When MacArthur Middle School realized it had an information distribution problem, the faculty turned to their student body for help.

Enter the “Mac Minute,” a regular video broadcast created by MMS students to keep their classmates, teachers, parents and the community informed.

Overseeing the project is the school’s yearbook adviser Elijah Morlett, who said the videos were, in part, inspired by Lawton Proud, a campaign that spreads news and information through online videos, highlighting activities happening in and around Lawton.

“I saw that and thought ‘Why couldn’t we do something like that?’” Morlett said. “Now the kids are really picking up on it.”

The project kicked off last school year, but has really come into its own this year. And though lots of students are trying their hand at video production, four eighth graders are leading the charge: Kierstyn Doyle, Dane Edwards, Garrett Herring and Bailey Lowder.

Edwards serves as the group’s producer and said he first developed an interest in video production when he attended a videography/photography summer camp at Great Plains Technology Center.

“It’s been cool to have a team that cares about (Mac Minute),” Edwards said. “We work well together.”

Morlett said Edwards has been the leader the project has needed. According to Edwards, this is his first leadership role, and he’s now involved in MMS Student Council.

“It’s fun to lead a group,” Edwards said. “I’m doing the best I can, but there’s always room for improvement.”

Herring is often behind the camera when the group shoots the videos at various locations around the school.

He has quite an eye for detail, calling attention to out-of-place items in the background and ensuring his subjects get their enunciation just right, even if it means 10 takes.

“A lot of people like to pay attention to the big things, but I notice little things and I like fixing them,” Herring said. “I think when you fix the little things, everything else is better.”

And his team appreciates the effort.

“It makes our job so much easier,” said Doyle, who often backs him up on the camera.

Doyle and Lowder said they have fun brainstorming ideas on how to keep their viewers engaged. From hilarious skits to informative props, they find interesting ways to keep everyone up to date on book fair schedules, holiday events and fundraisers.

In the beginning, as the adviser, Morlett was feeding his students the info they needed to include. Now, they often bring ideas to him, things they hear around school or events they want to give exposure to.

“Every week we learn something new,” Doyle said. “And it’s fun to see that we’re helping our school do better and bigger things.”

And they know they’re getting views.

“My mom will tell me, ‘Hey, I saw the video, thanks for the info,’” Lowder said.

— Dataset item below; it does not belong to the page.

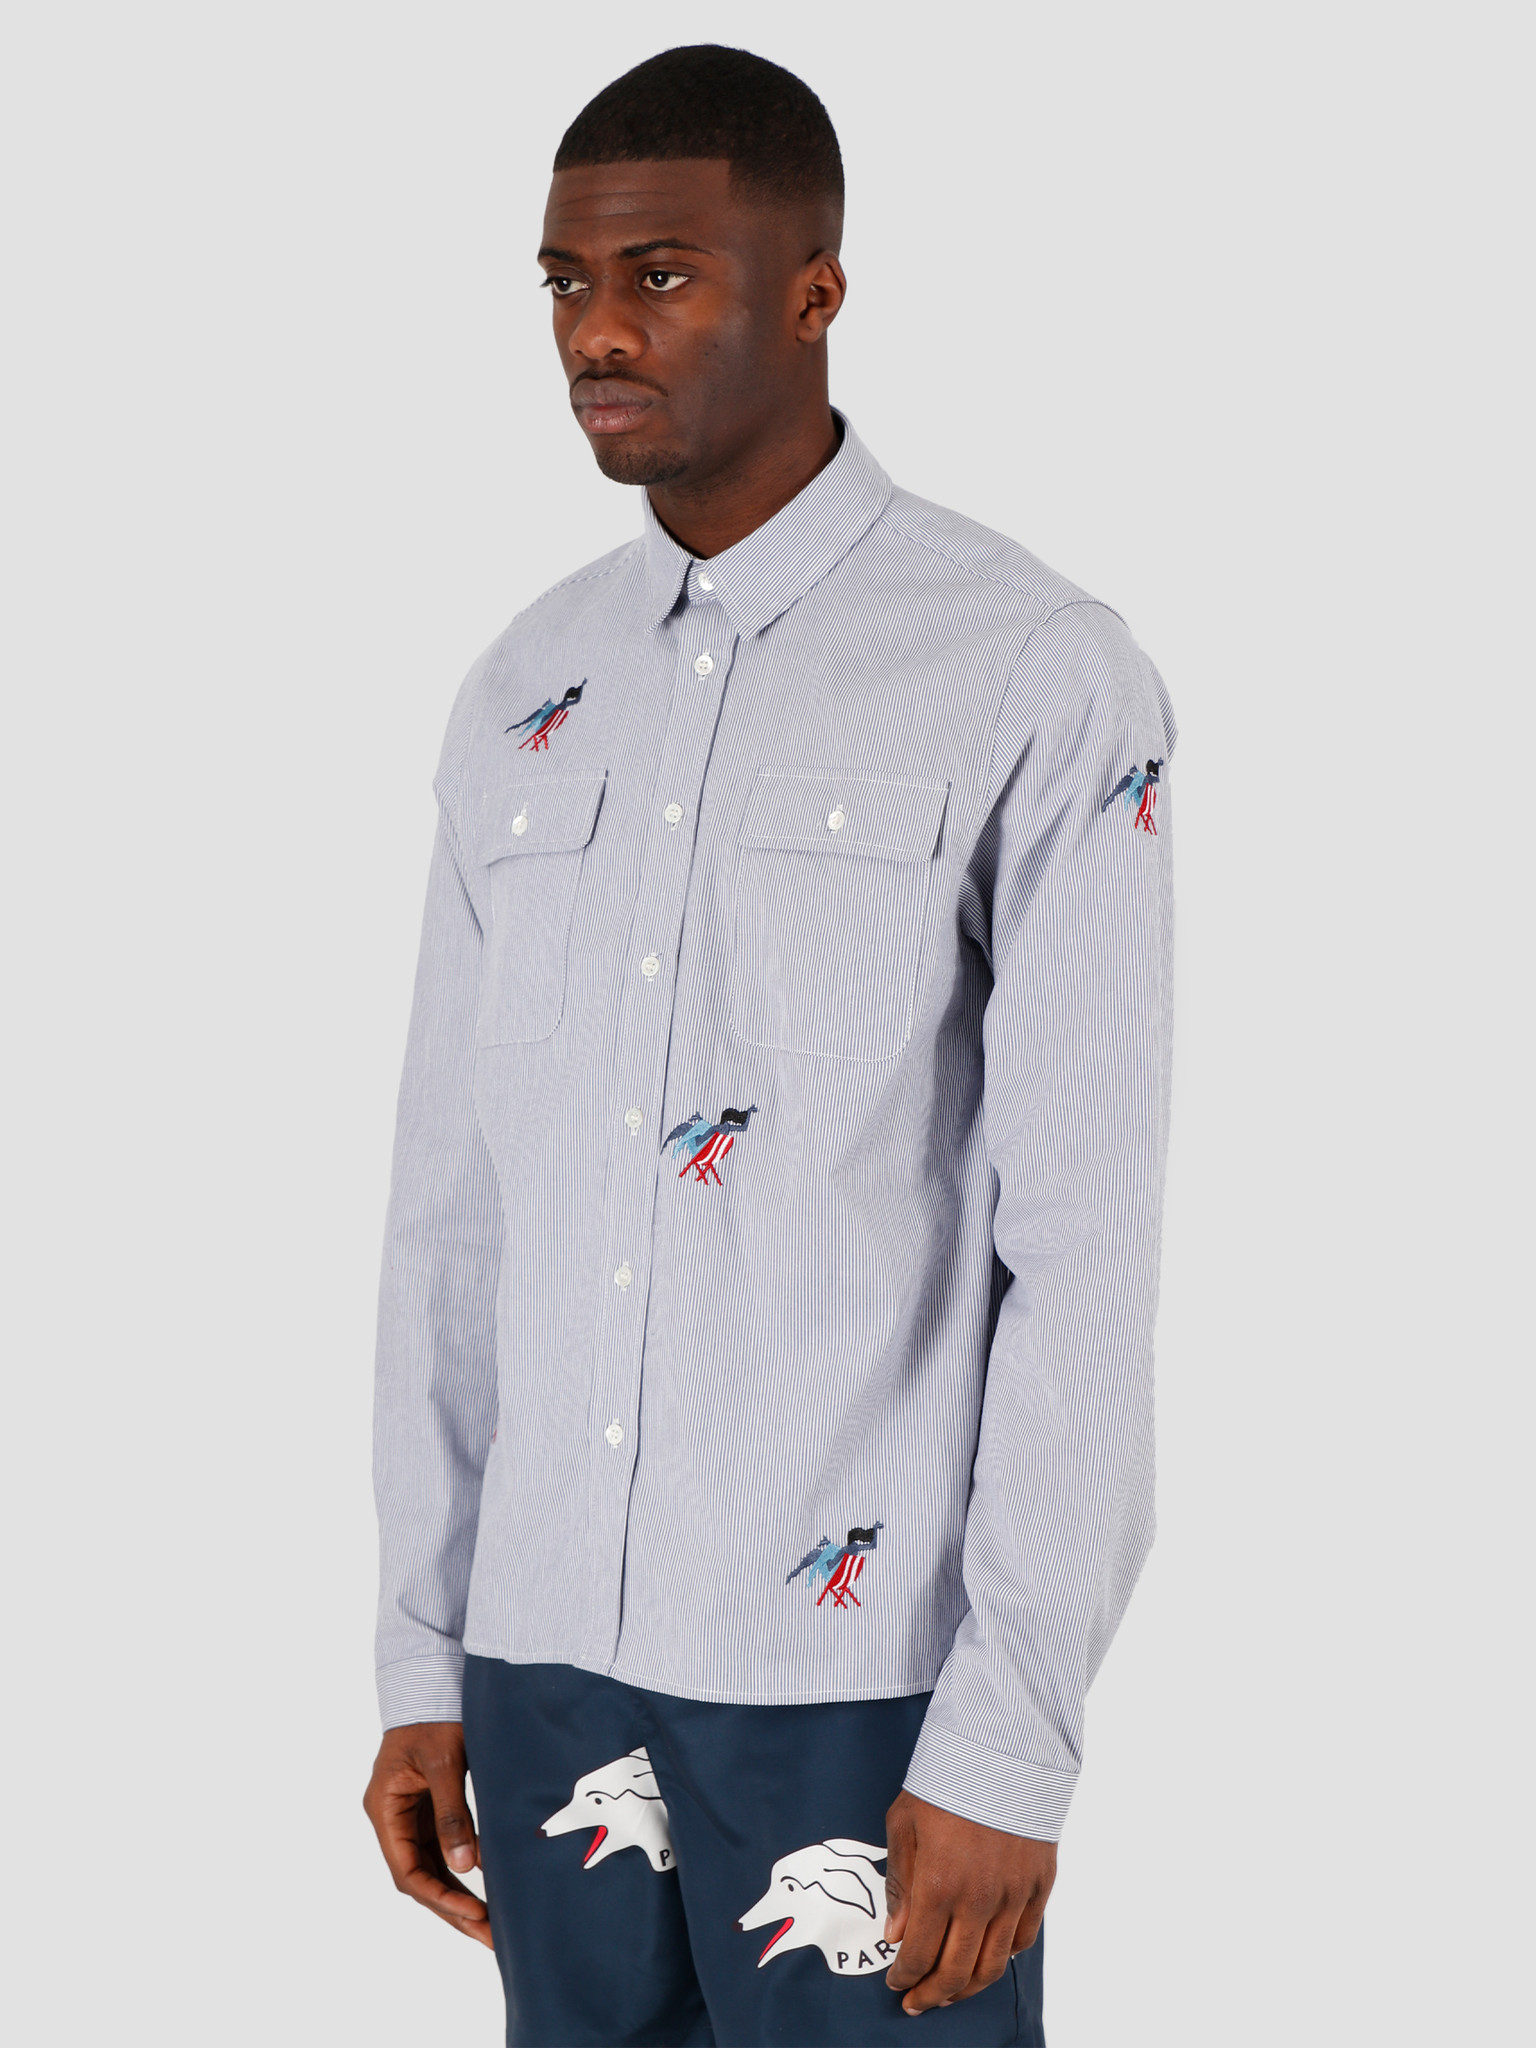 by Parra by Parra Madame Beach Striped Shirt Blue White Stripe 43800

They also post their vides nearly every week on the MacArthur Middle School Facebook page and their YouTube channel, and the stats speak for themselves, with their videos averaging 1,500 views.

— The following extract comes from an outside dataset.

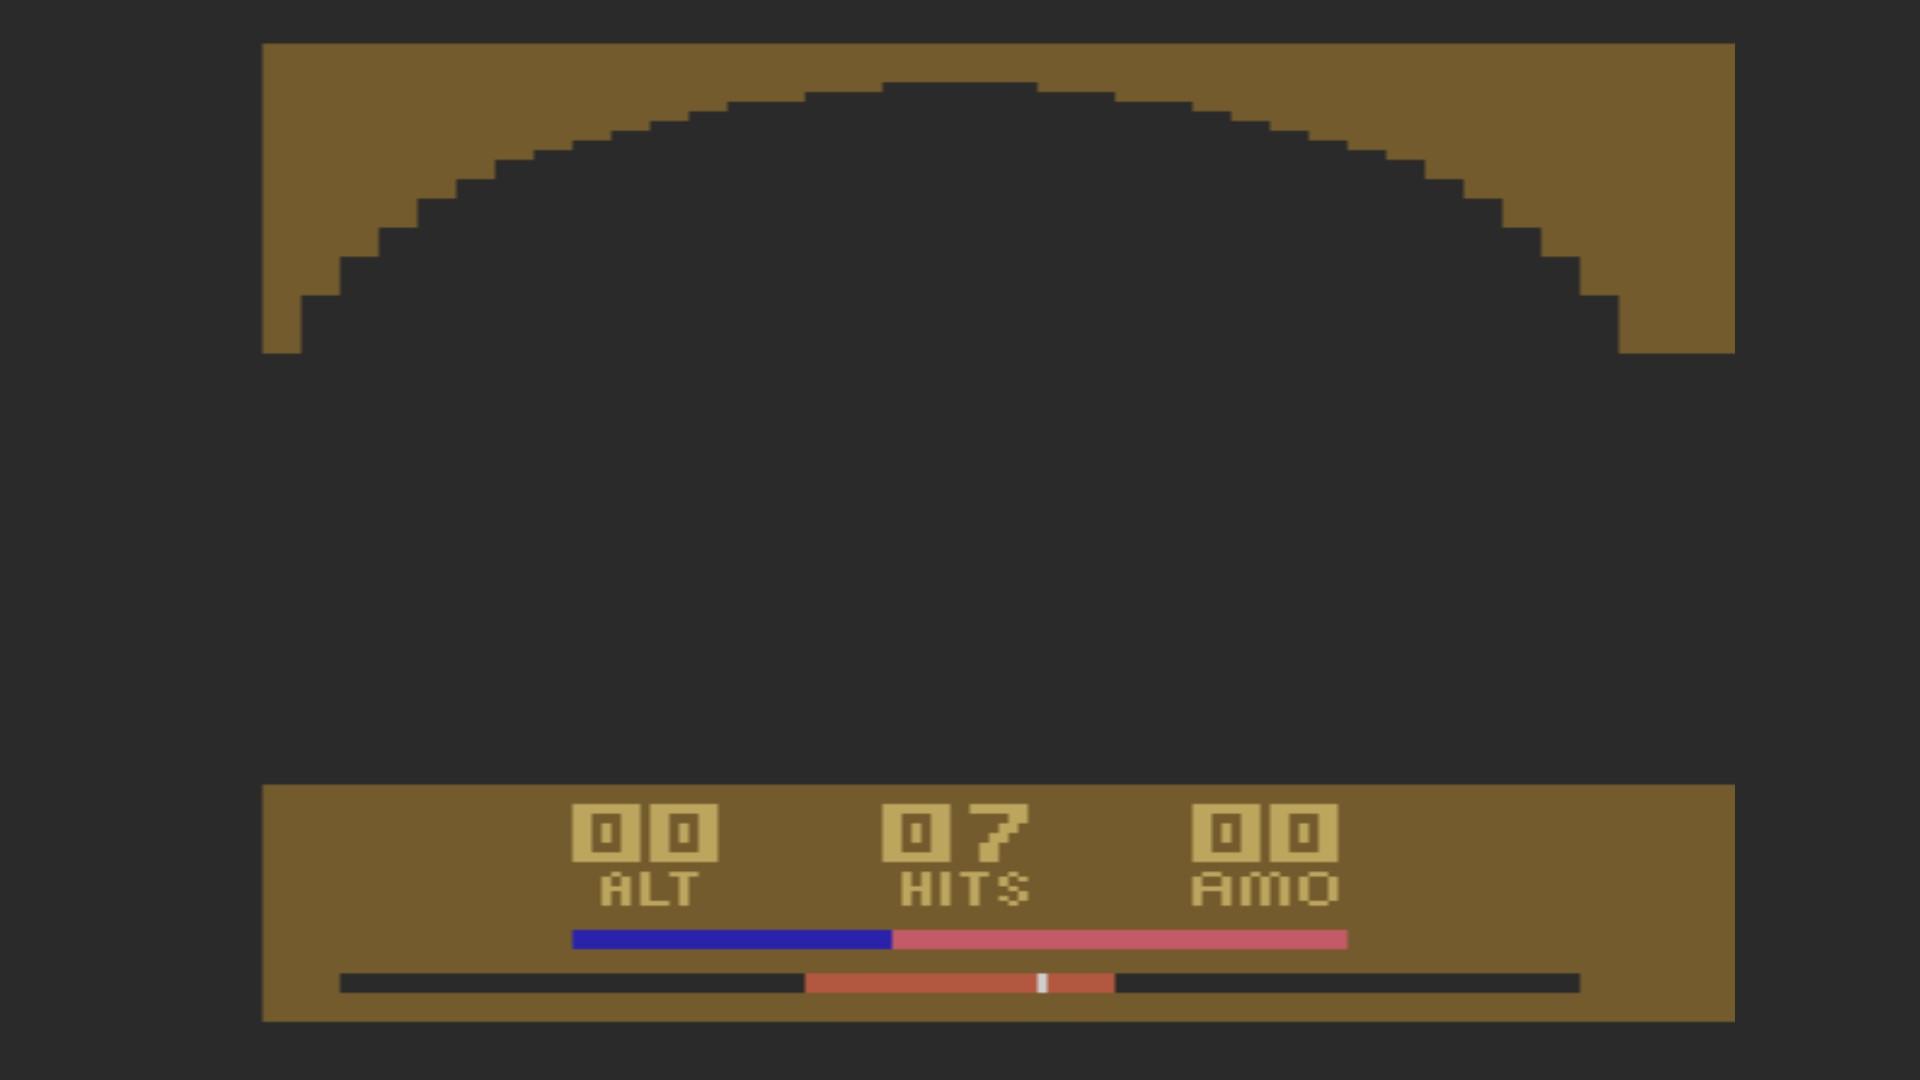 AkinNahtanoj: Air Raiders (Atari 2600 Emulated Novice/B Mode) 7 points on 2020-10-11 12:58:28

“Parents love seeing their students in the video,” Morlett said. “When they see them, they want to share them.”

One of their most-viewed videos celebrated the school’s undefeated volleyball team.

“It got tons of views,” Morlett said. “It took me by surprise; I knew we could reach more people by video, but I didn’t know how much more.”

Often, their most popular videos involve the crew shooting “on-scene,” at a rally or event.

“We can’t just say it’s important to participate,” Morlett said. “We have to show that we do it, too.”

The students might be having fun, but Morlett knows this kind of experience is invaluable as his students consider how to spend their high school years and even future college and professional careers.

This semester, Morlett took his students on a field trip to the Gaylord College of Journalism and Mass Communication at the University of Oklahoma in Norman.

“They were pretty excited about that,” Morlett said, adding toured the school’s television studio and learned about their print and web design projects.

With as much media content as today’s teens consume, Morlett said it’s important they peek behind the curtain once in a while.

“I want them to understand how and where and why it’s being created,” he said.

He’s also seen the students who invest in Mac Minute grow in confidence and maturity, especially when they take on leadership roles. And ultimately, that’s enough.

“I just want to keep them growing and learning,” Morlett said. “That’s all I could really hope for as a teacher.”